I have gfci outlets in my house and they fail when they are tested with the plug in one since they have no grounded. They are all labeled "no equipment grounded" does that make them up to code?
Not an electrician, but how old is your house??
What do you mean the fail, as in the power is still on??
Can even replace older ungrounded, twoslot
receptacles with new GFCI receptacles.
Must use supplied label “NO EQUIPMENT
GROUND GFCI PROTECTED” to identify
that the receptacle is not grounded.
It appears that the non gfci outlet, just does not have a ground, for equipment that may be plugged into it, but the gfci will still work.
It appears the non gfci that the gfci is protecting has to be grounded back to the gfci:::
Can I use a GFCI in a 2 wire (ungrounded) circuit? | Leviton Online Knowledgebase
you can get a tester and check various items on an outlet:::
Shop Southwire Analog Voltage Detector Meter at Lowes.com
The TEST button on a GFCI device and plug-in GFCI receptacle testers do not work on “No Equipment Ground” GFCI and GFCI-protected (i.e. load-side-connected) receptacles. The test shunts just enough current from the ungrounded conductor to the equipment ground to trip the GFCI. With no equipment ground, no current can or will flow. The GFCI will not trip even if the GFCI is functioning properly.

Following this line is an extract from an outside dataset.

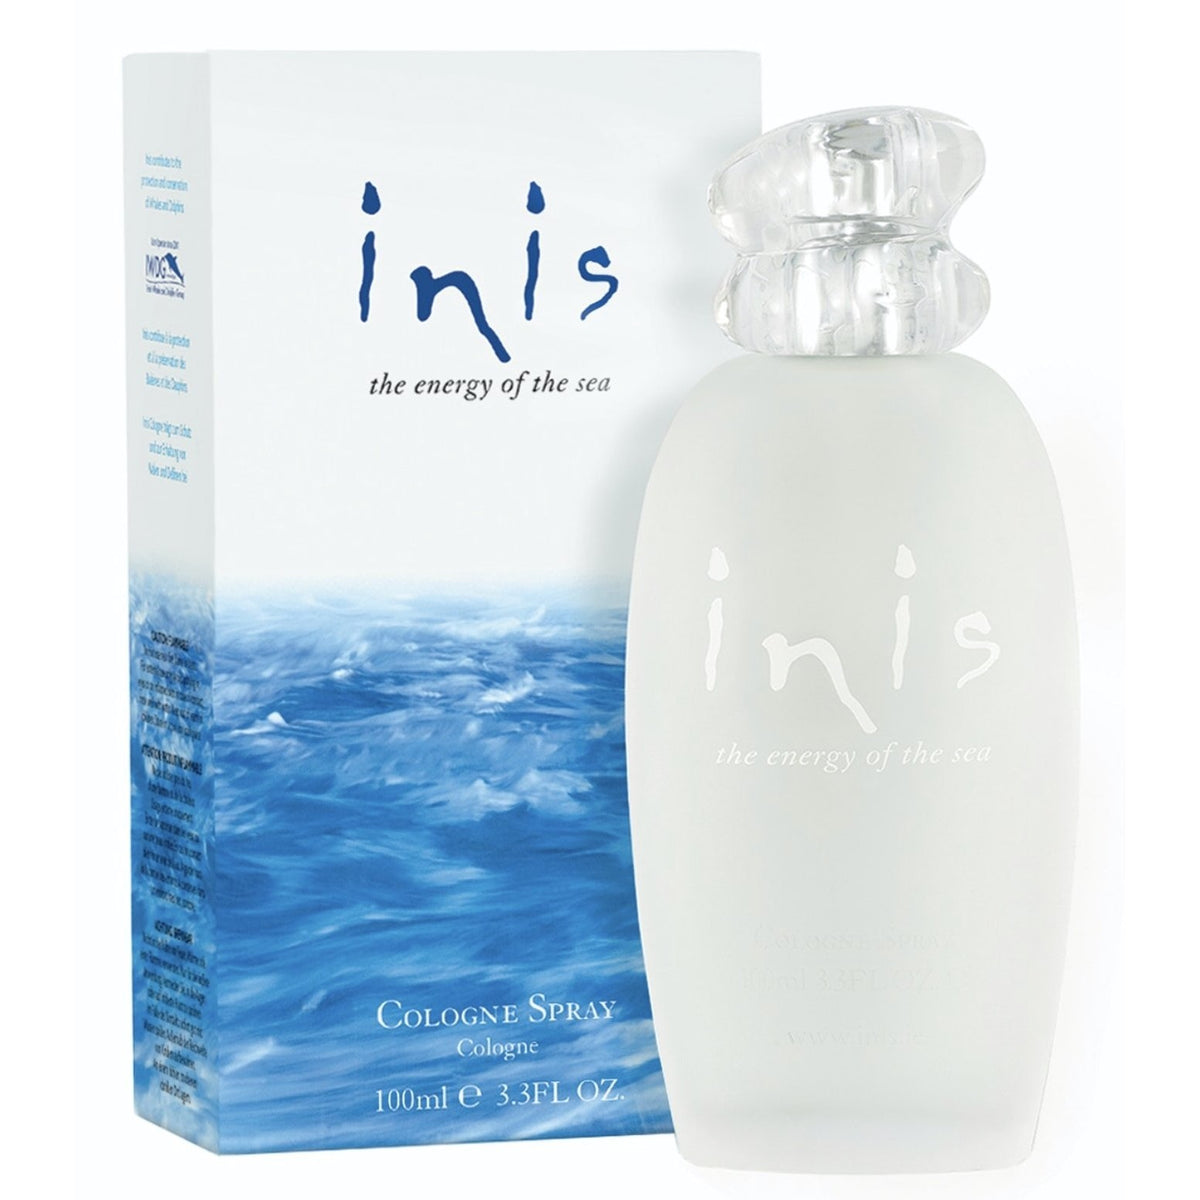 Inis the Energy of the Sea Cologne Spray - 3.3 fl oz

A GFCI is specifically designed to protect people against electric shock from an electrical system, and it monitors the imbalance of current between the ungrounded (hot) and grounded (neutral) conductor of a given circuit. With the exception of small amounts of leakage, the current returning to the power supply in a typical 2-wire circuit will be equal to the current leaving the power supply. If the difference between the current leaving and returning through the current transformer of the GFCI exceeds 5 mA (61 mA), the solid-state circuitry opens the switching contacts and de-energizes the circuit. Because of the design of the GFCI, a ground is not necessary for it to work. The label "Not Equipment Grounded" is intende to let the user know that the circuit does not have a ground conductor (it is a two wire system).

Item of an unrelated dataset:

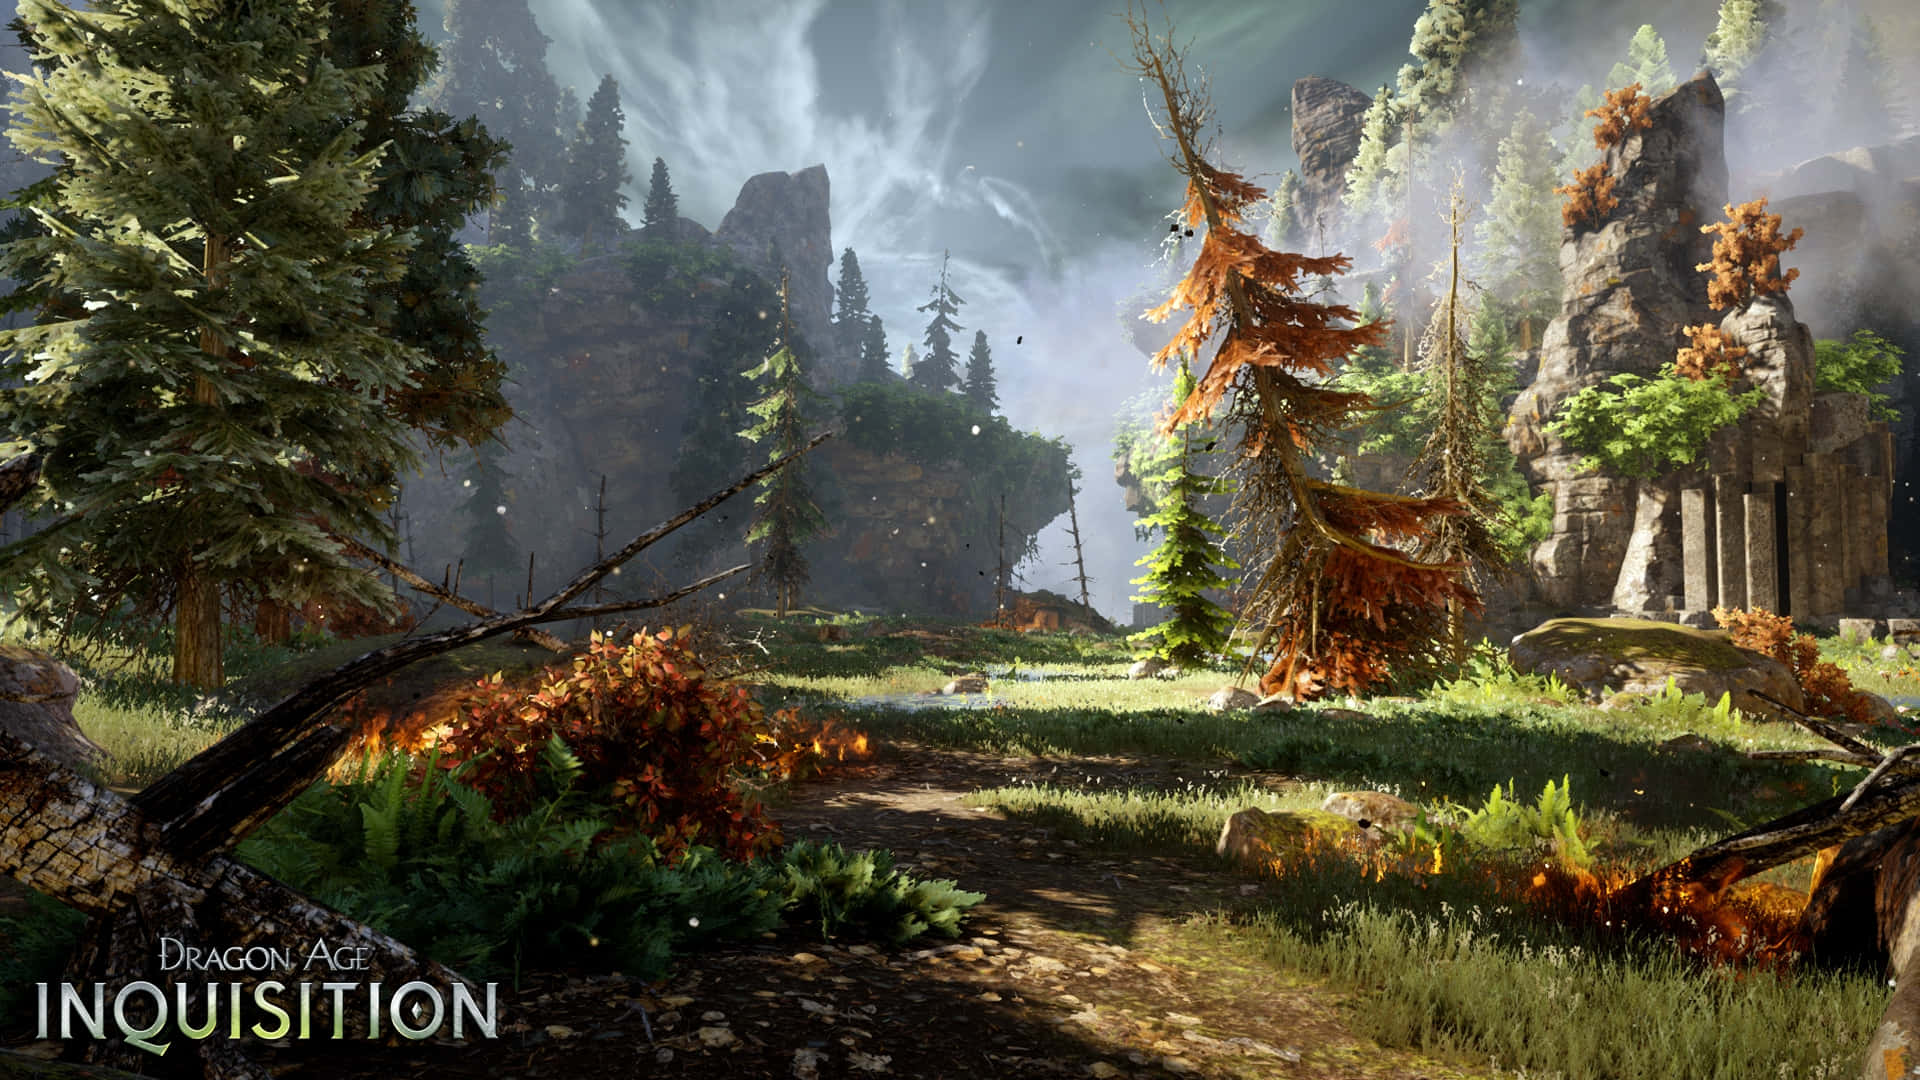 "Explore The Land Of Thedas In Dragon Age Inquisition"

It is a perfectly acceptable installation. 406.4(D)(2)(b) allows a non-grounding type receptacle to be replaced with a GFCI receptacle as long as the GFCI is marked " No Equipment Ground". This replacement is permitted due to the design and operation of the GFCI. Internally, there are CT's that monitor the current on the ungrounded and grounded (neutral) conductor. If there is any leakage beyond the acceptable limits, the receptacle will trip. Please note that the only acceptable method for testing GFCI receptacles is to push the test button on the GFCI receptacle itself. The 3rd party plug in testers are not to be used as an approved method for testing the GFCI receptacle.
While NFPA 70 NEC does permit GFCI receptacles and grounding receptacles down stream from a GFCI to be installed without an equipment grounding conductor provided they are labeled GFCI protected No equipment Ground, homeowners using these receptacles have no idea regarding the significance of the"No Equipment Ground" label if it has in fact been installed and hasn't fallen off. The homeowner assumes that since the the cord with a grounding type plug cap fits into the receptacle then it must be acceptable for use. However, most utilization equipment with a grounding plug cap requires it be connected to a receptacle with an effective equipment ground. Therefore, plugging that equipment into a receptacle without an equipment ground is a violation of the equipments listing. There is no way Joe/Joan homemaker is going to understand these requirements. The reality of this situation is that this equipment is going to be plugged in so it is better to have at least the GFCI protection rather than having no protection and no equipment ground.